▶ REQUIREMENT: Keep the pictures out. Write out every line of the listing exactly.

▶ SUPPLIED INFORMATION:
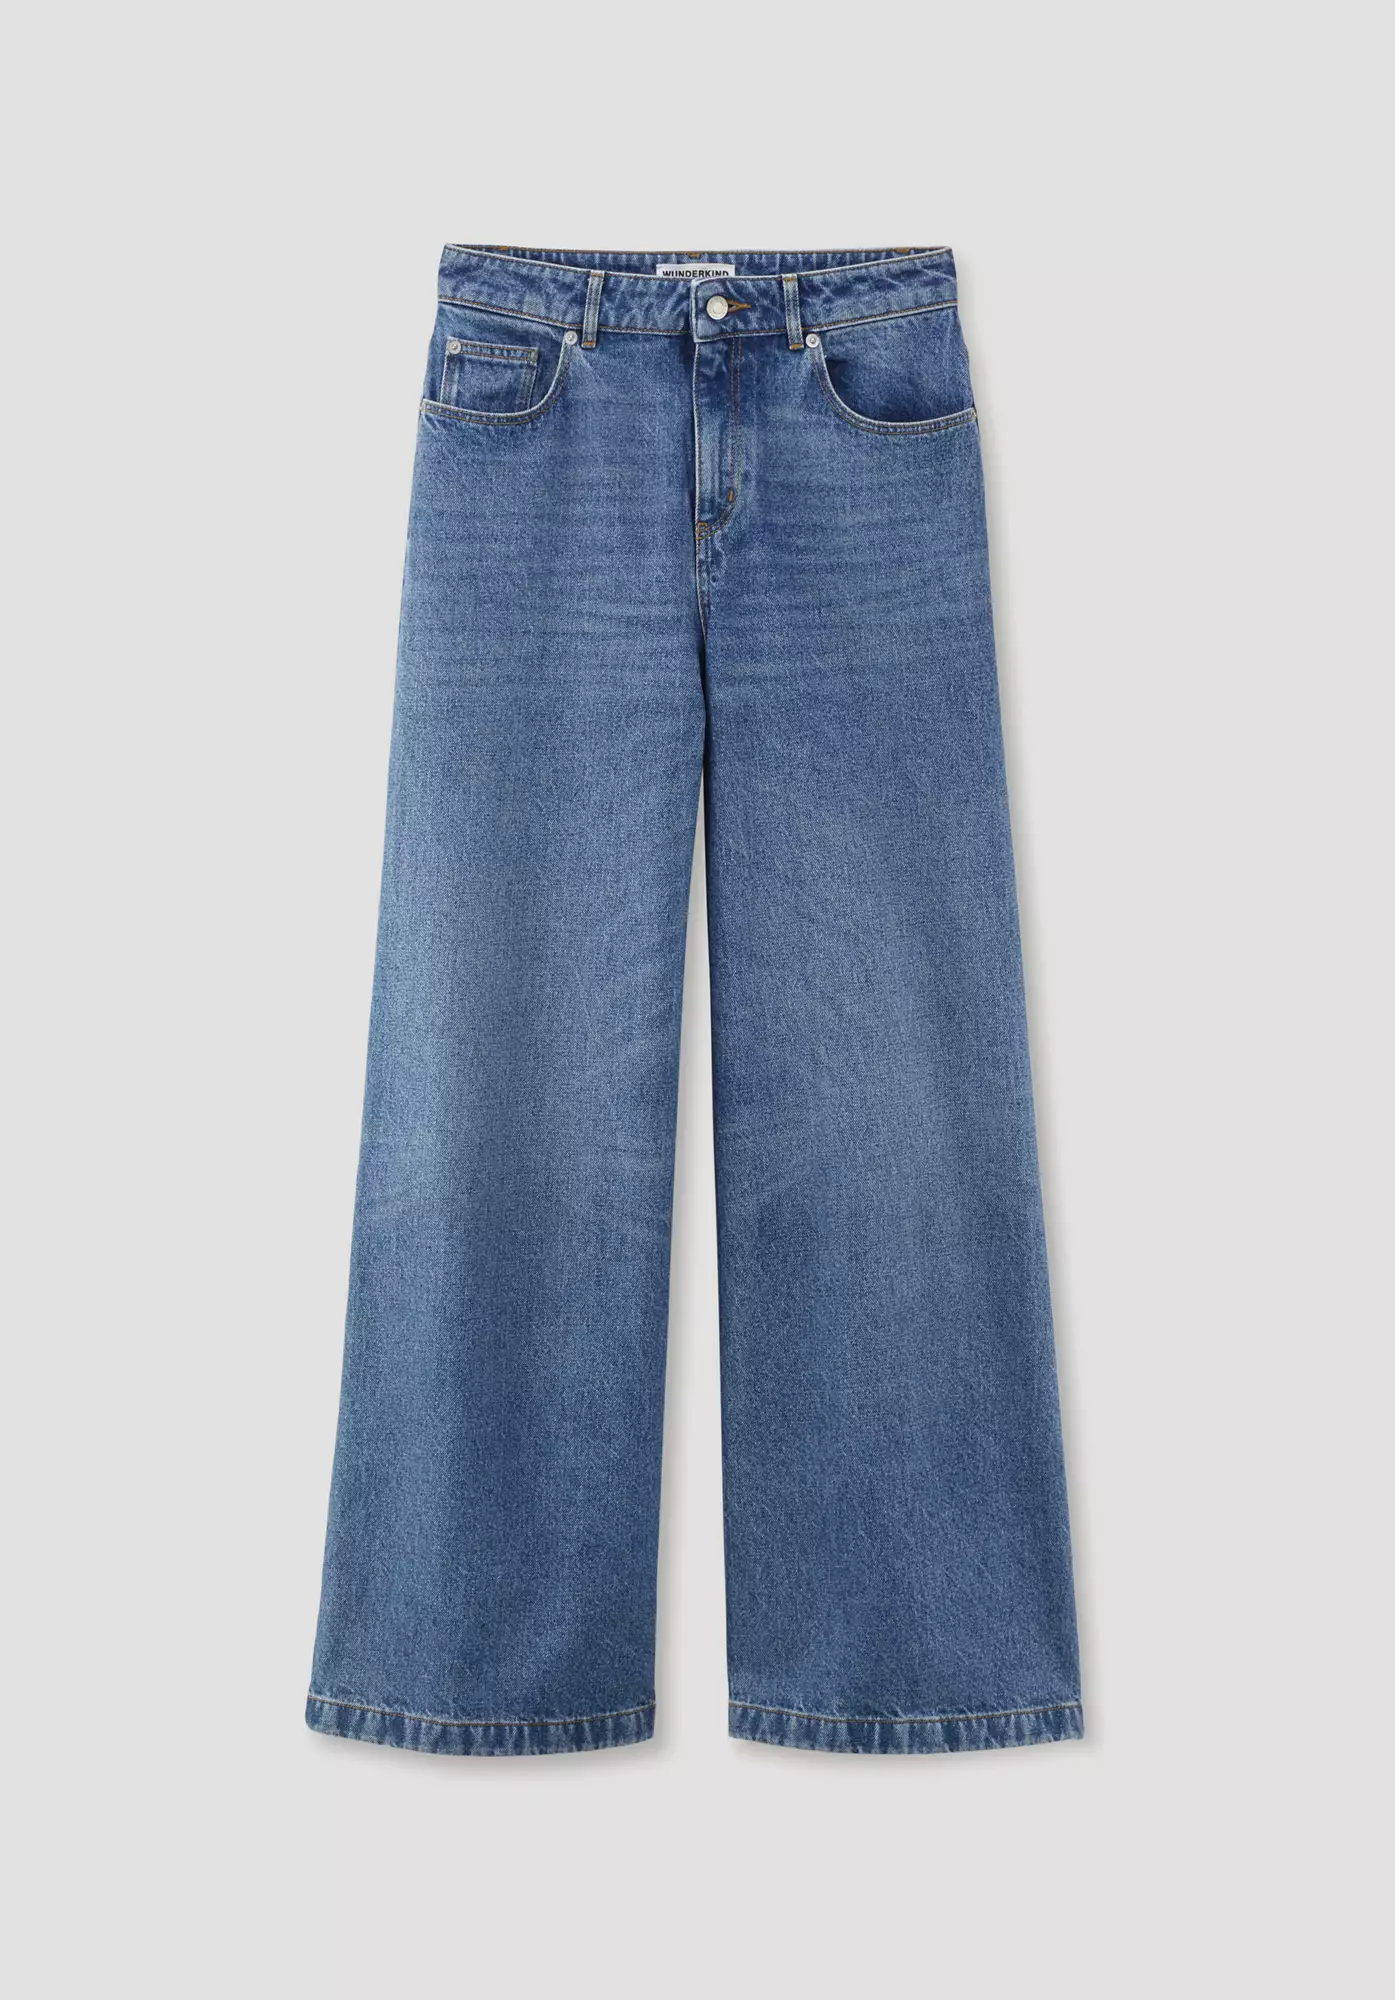 WUNDERKIND X HESSNATUR jeans high rise flared made of pure organic denim - 4
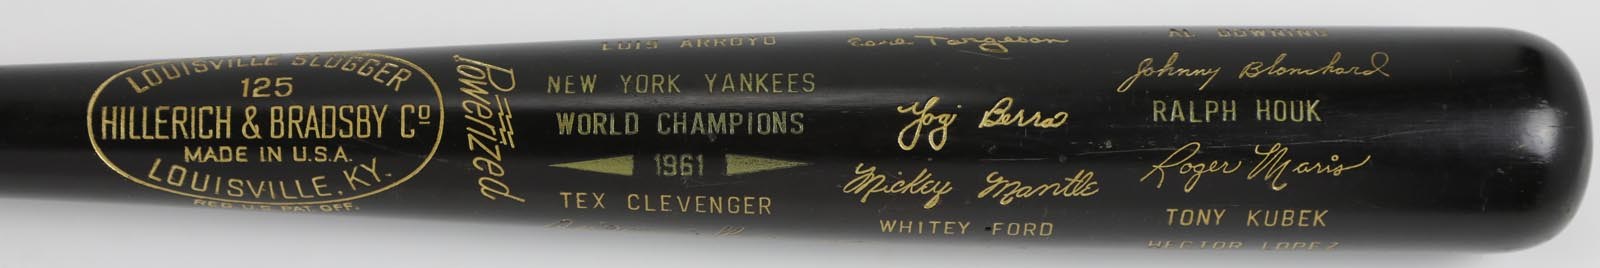 1961 New York Yankees World Champions Commemorative Bat
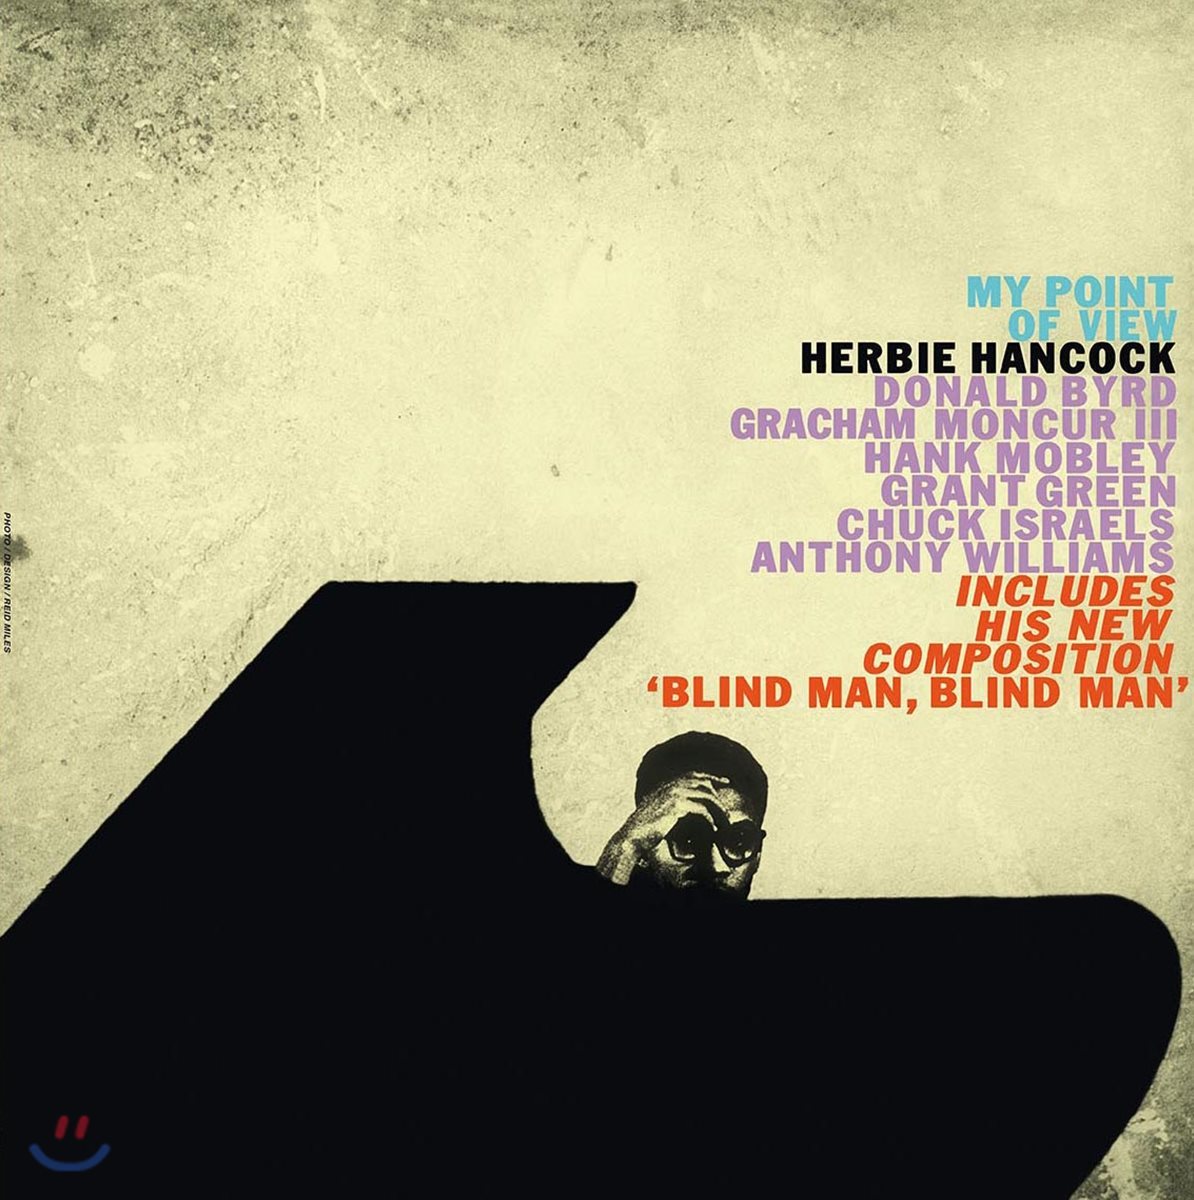 Herbie Hancock (허비 행콕) - My Point Of View [Deluxe Gatefold Edition LP]

▶ EXERCISE OUTPUT:
 WUNDERKIND X HESSNATUR jeans high rise flared made of pure organic denim - 4
 1961 New York Yankees World Champions Commemorative Bat
 Herbie Hancock (허비 행콕) - My Point Of View [Deluxe Gatefold Edition LP]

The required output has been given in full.